◆ **TASK**:
Print the data below verbatim, minus images.

◆ **GIVEN INFORMATION**:
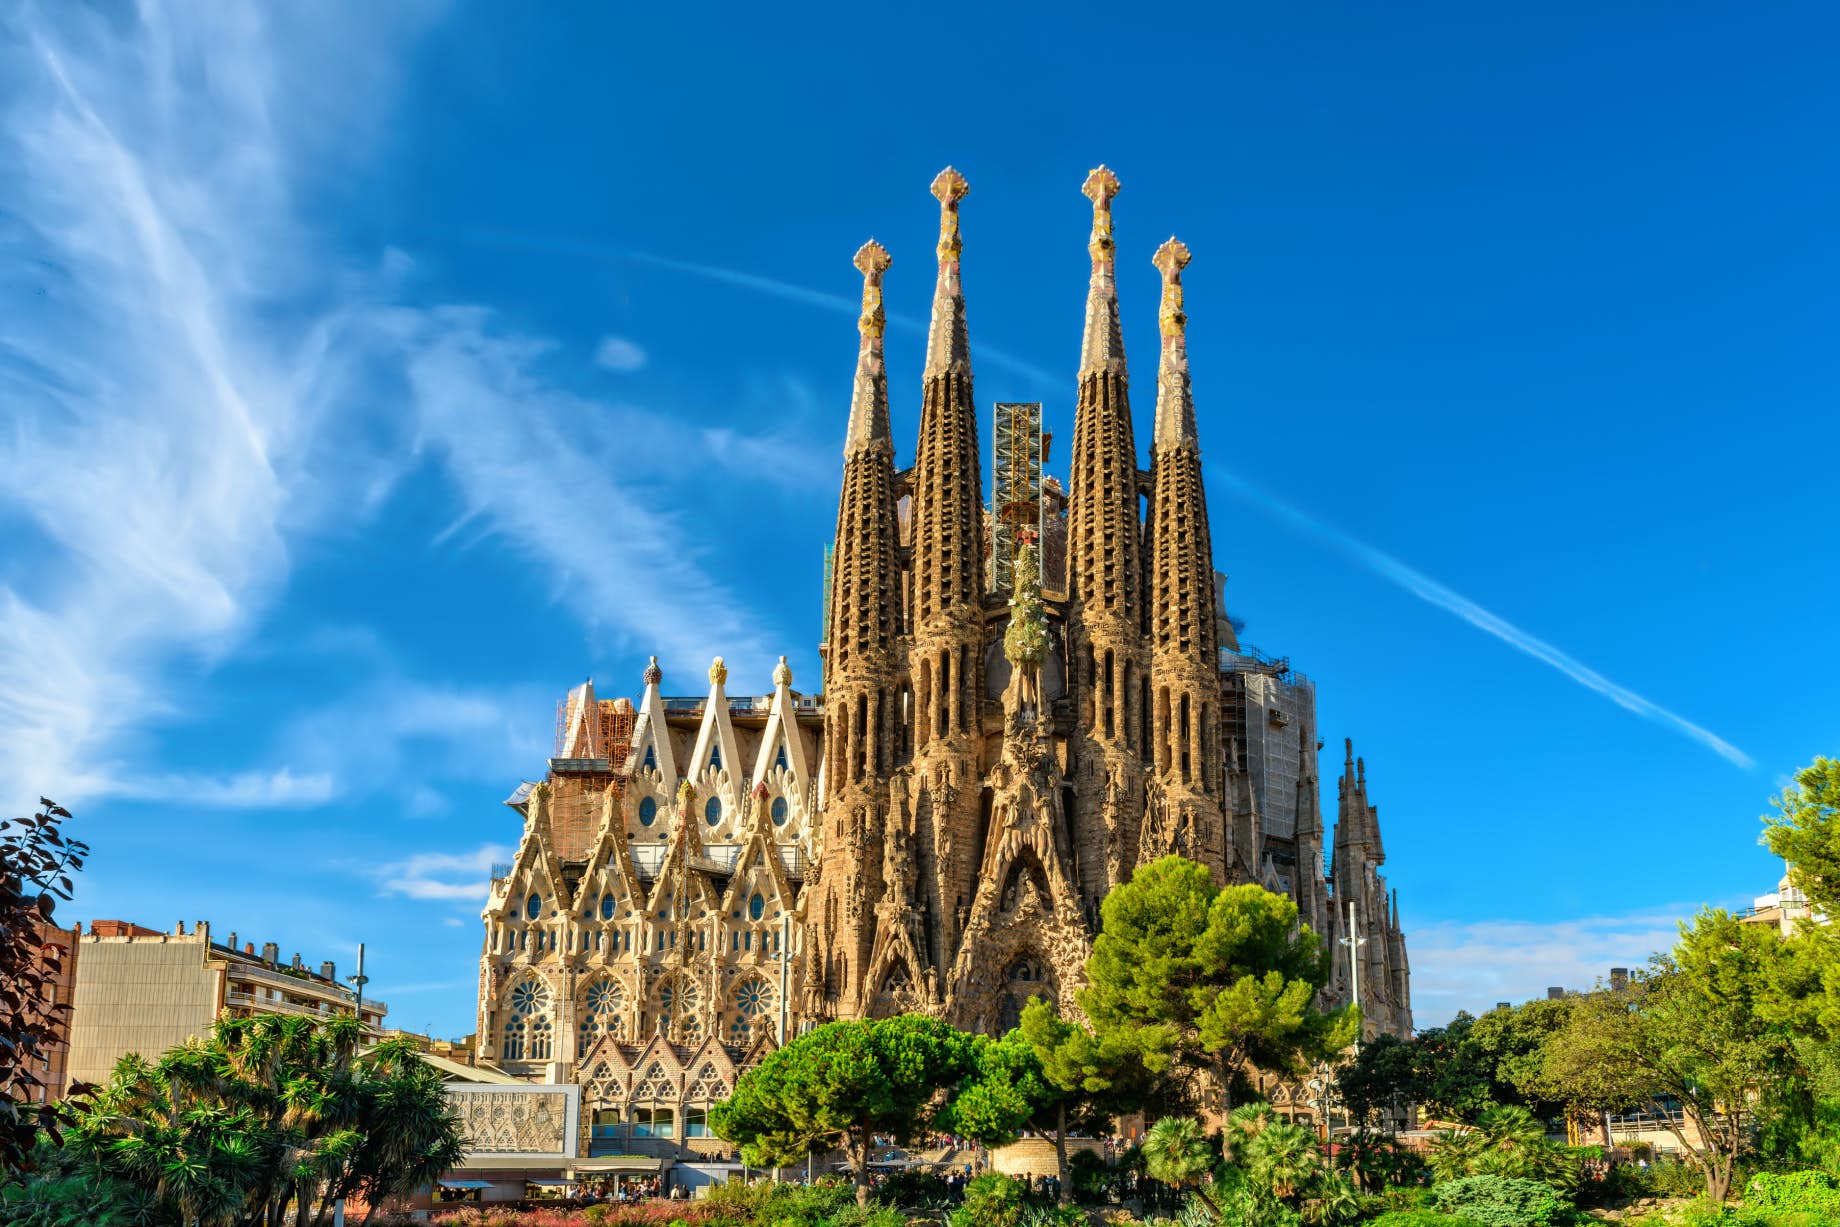 Gaudi's incredible but unfinished La Sagrada Familia in Barcelona, Spain
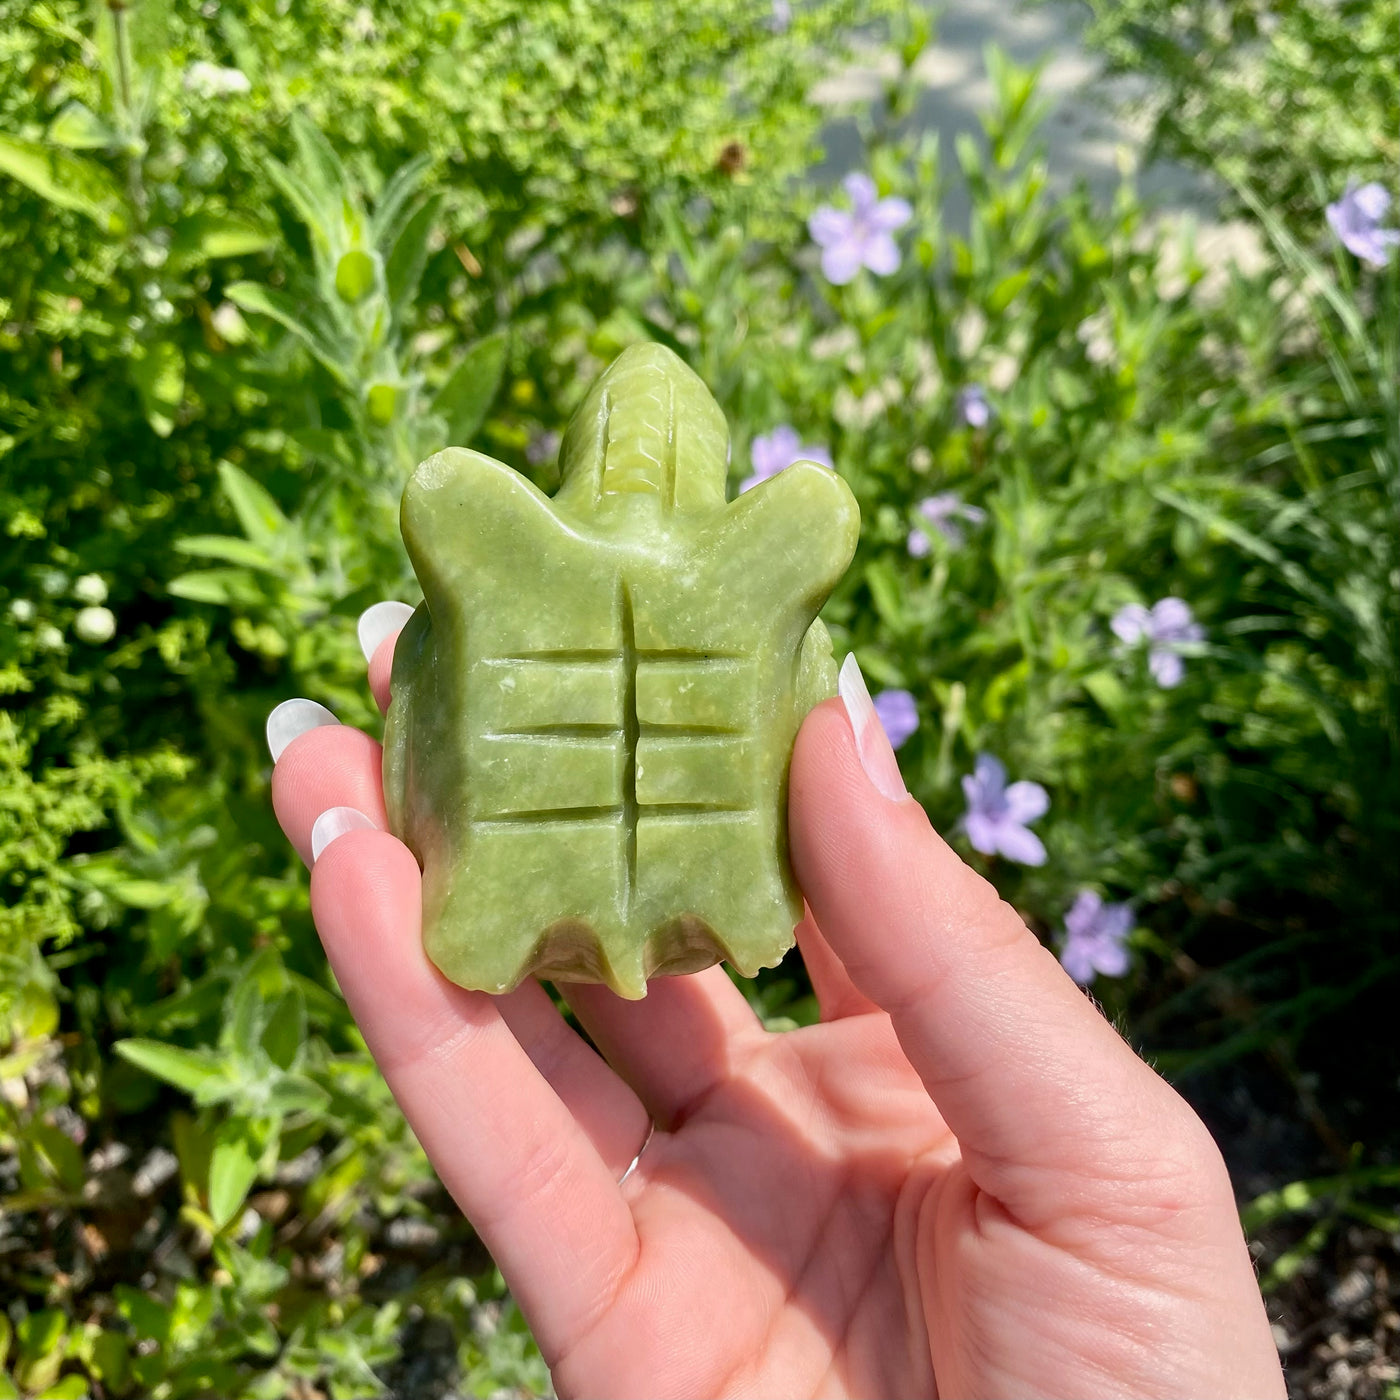 Nephrite Jade Companion Carved Turtle
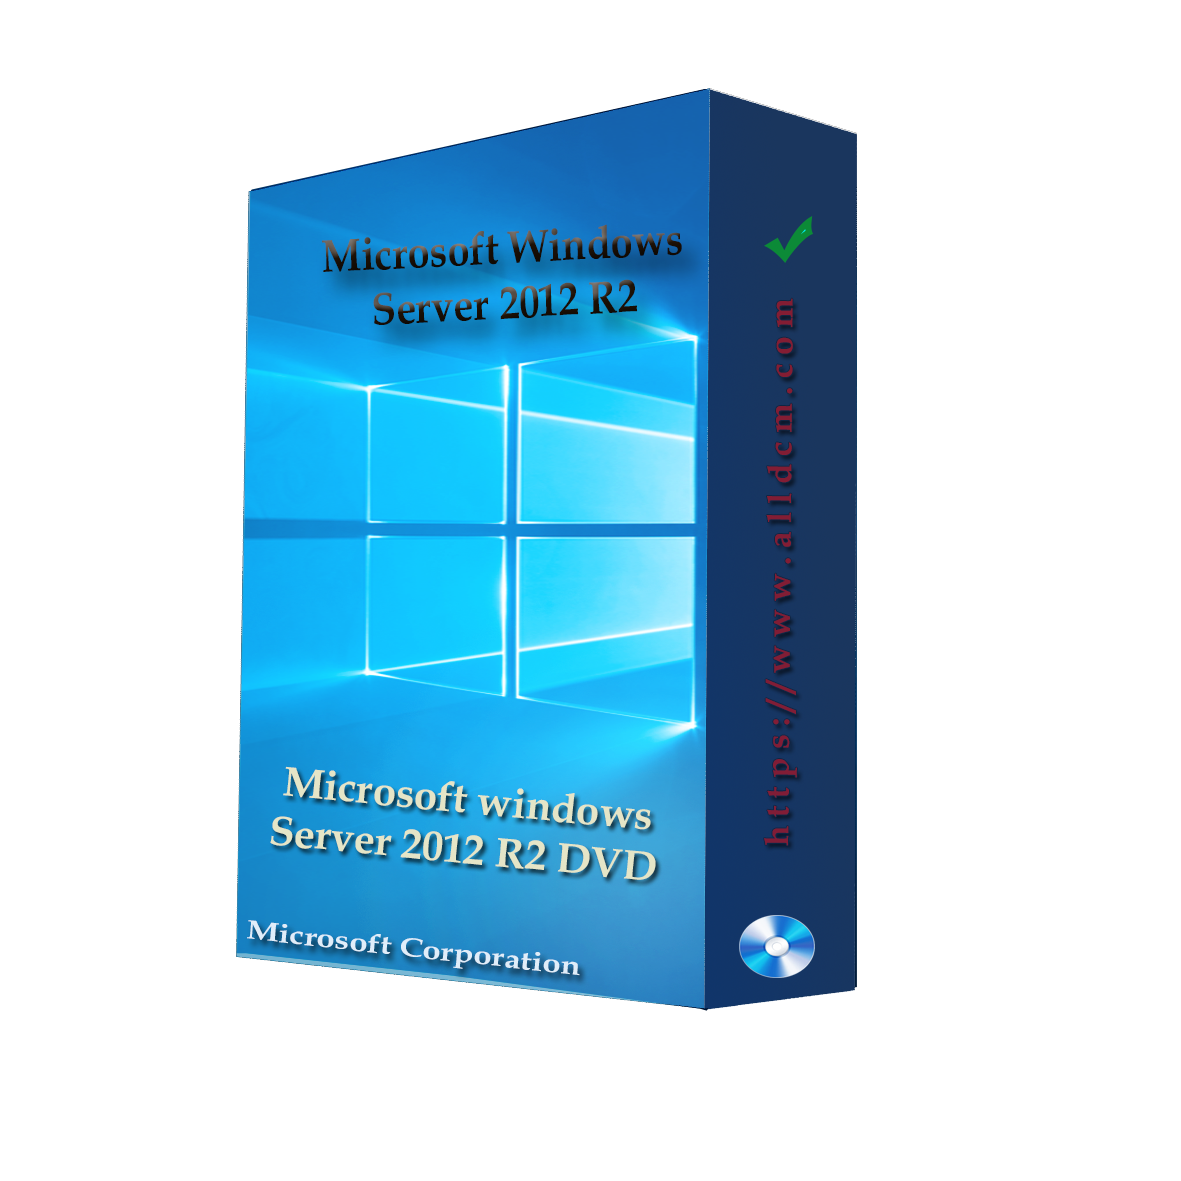 vmware windows server 2012 r2 iso download
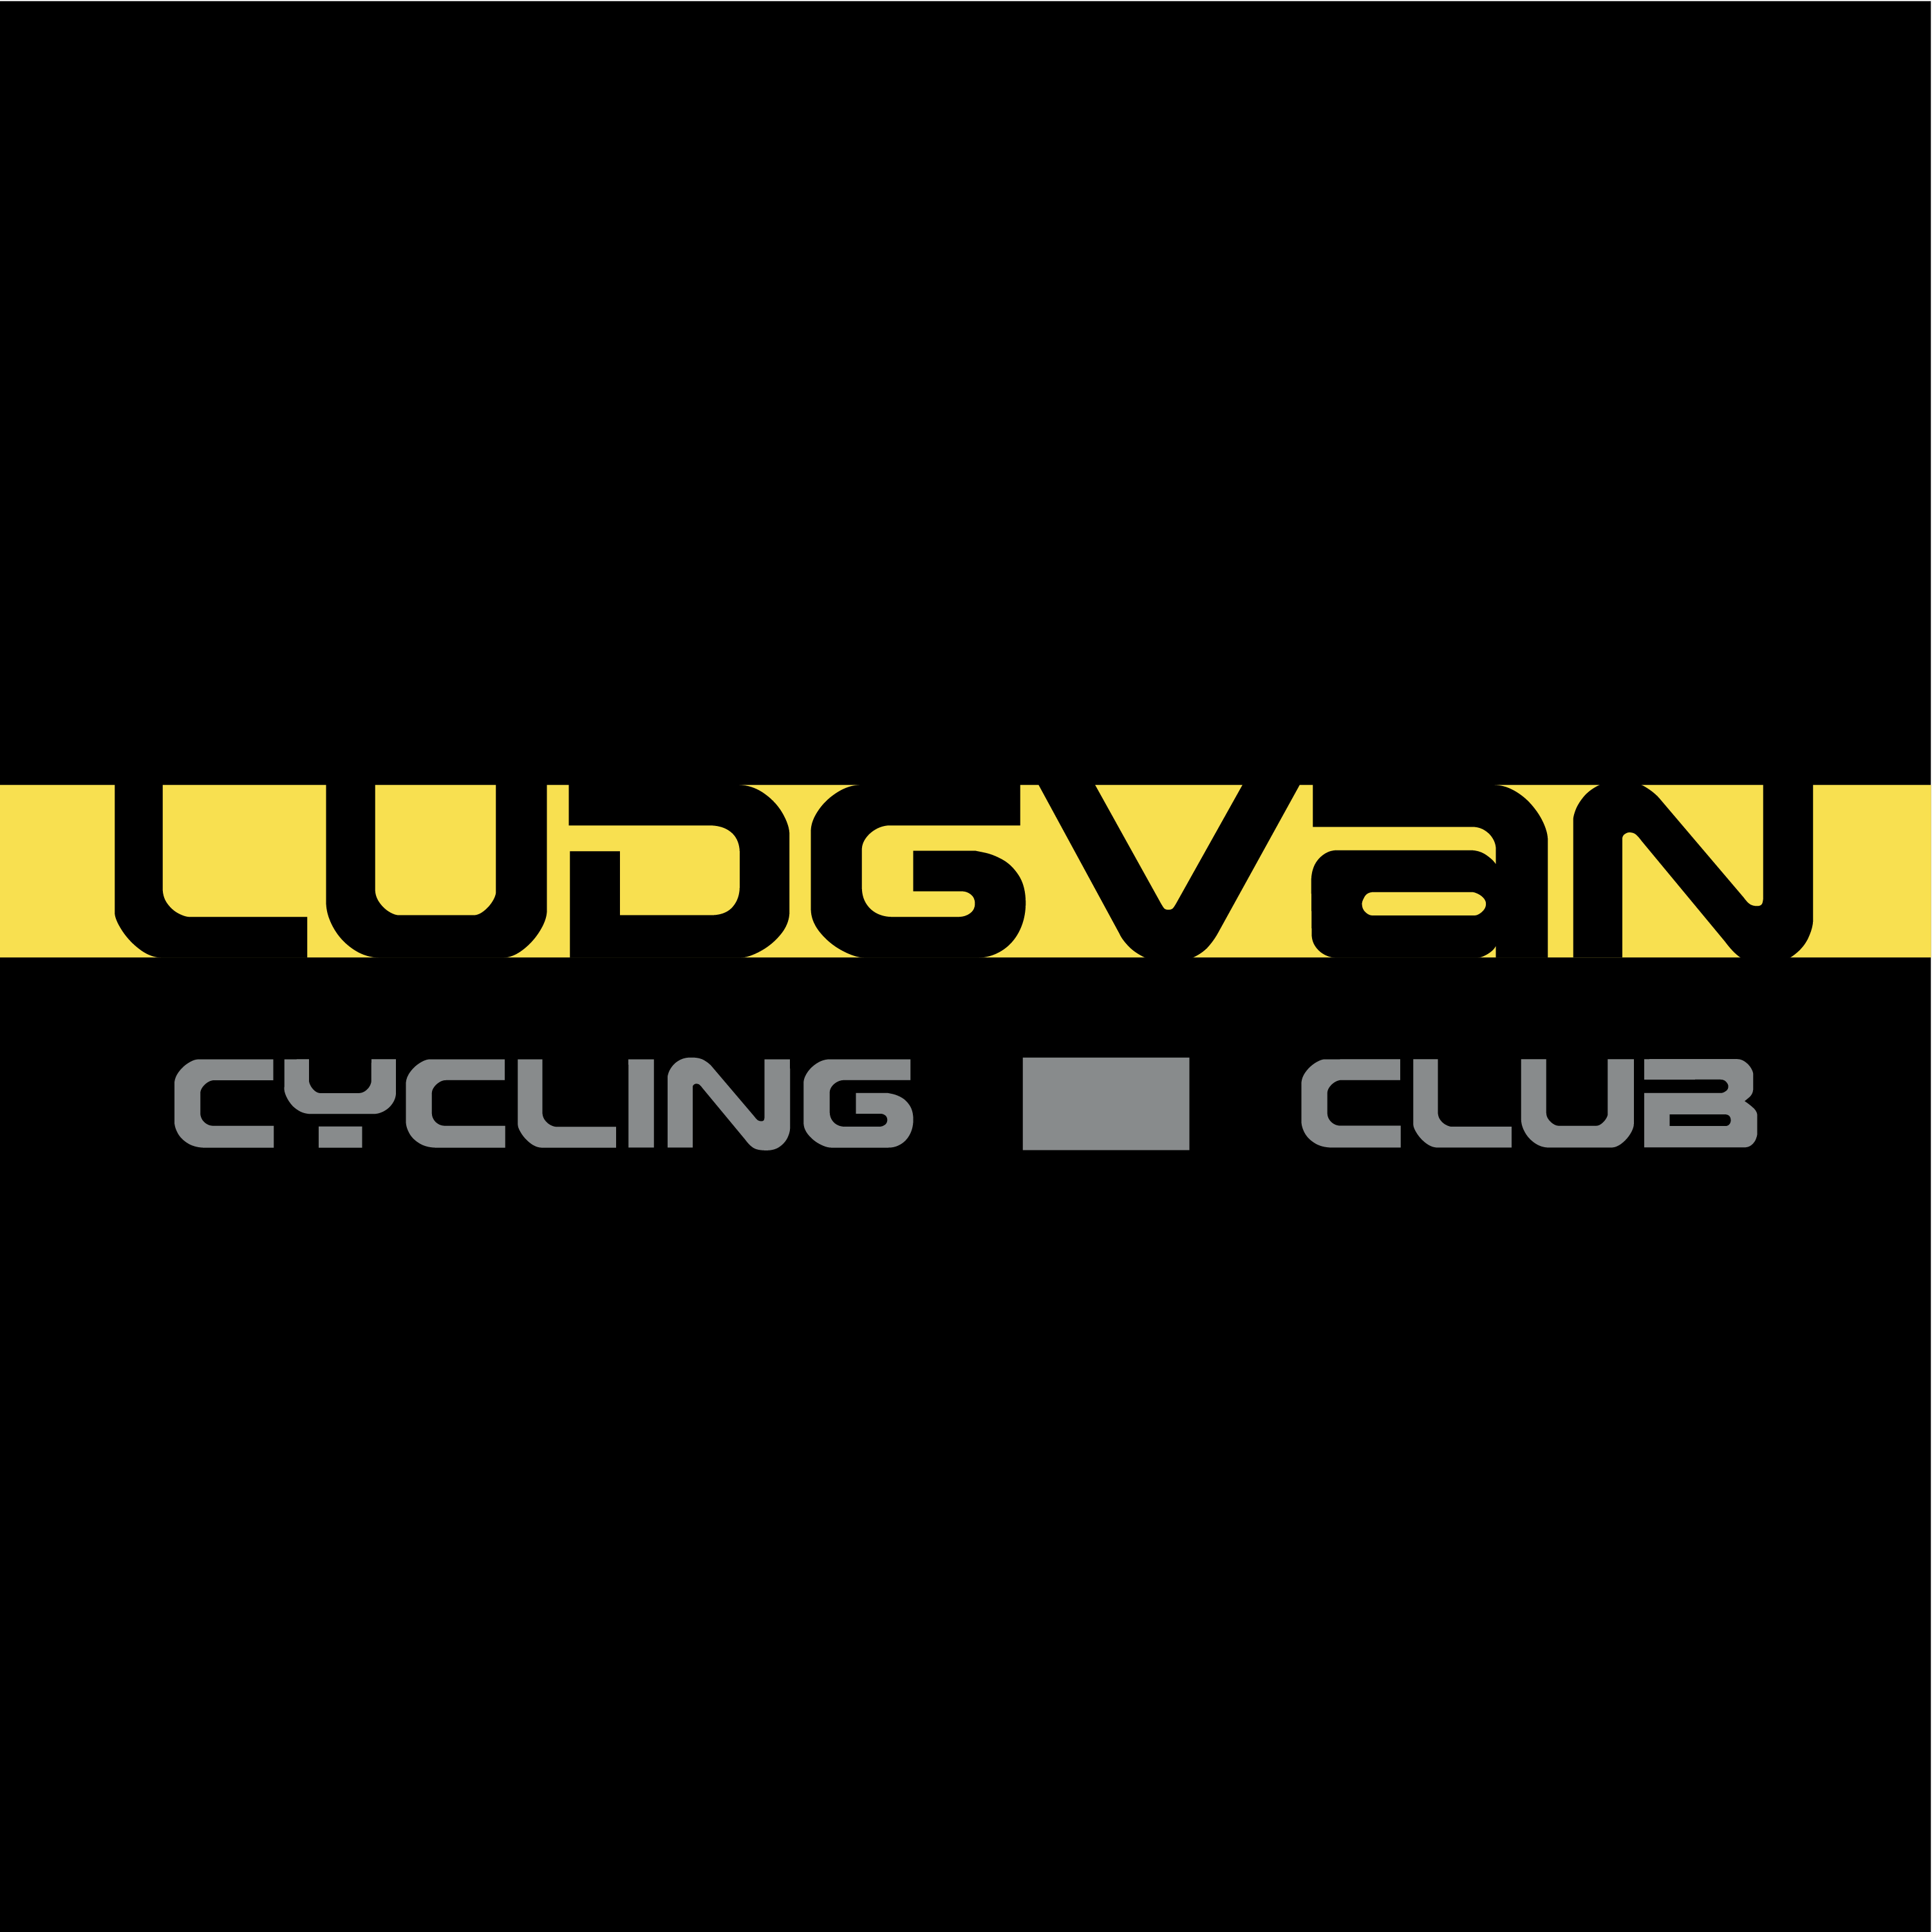 Club Image for LUDGVAN CC

◆ **RESPONSE BELOW**:
 Gaudi's incredible but unfinished La Sagrada Familia in Barcelona, Spain
 Nephrite Jade Companion Carved Turtle
 vmware windows server 2012 r2 iso download
 Club Image for LUDGVAN CC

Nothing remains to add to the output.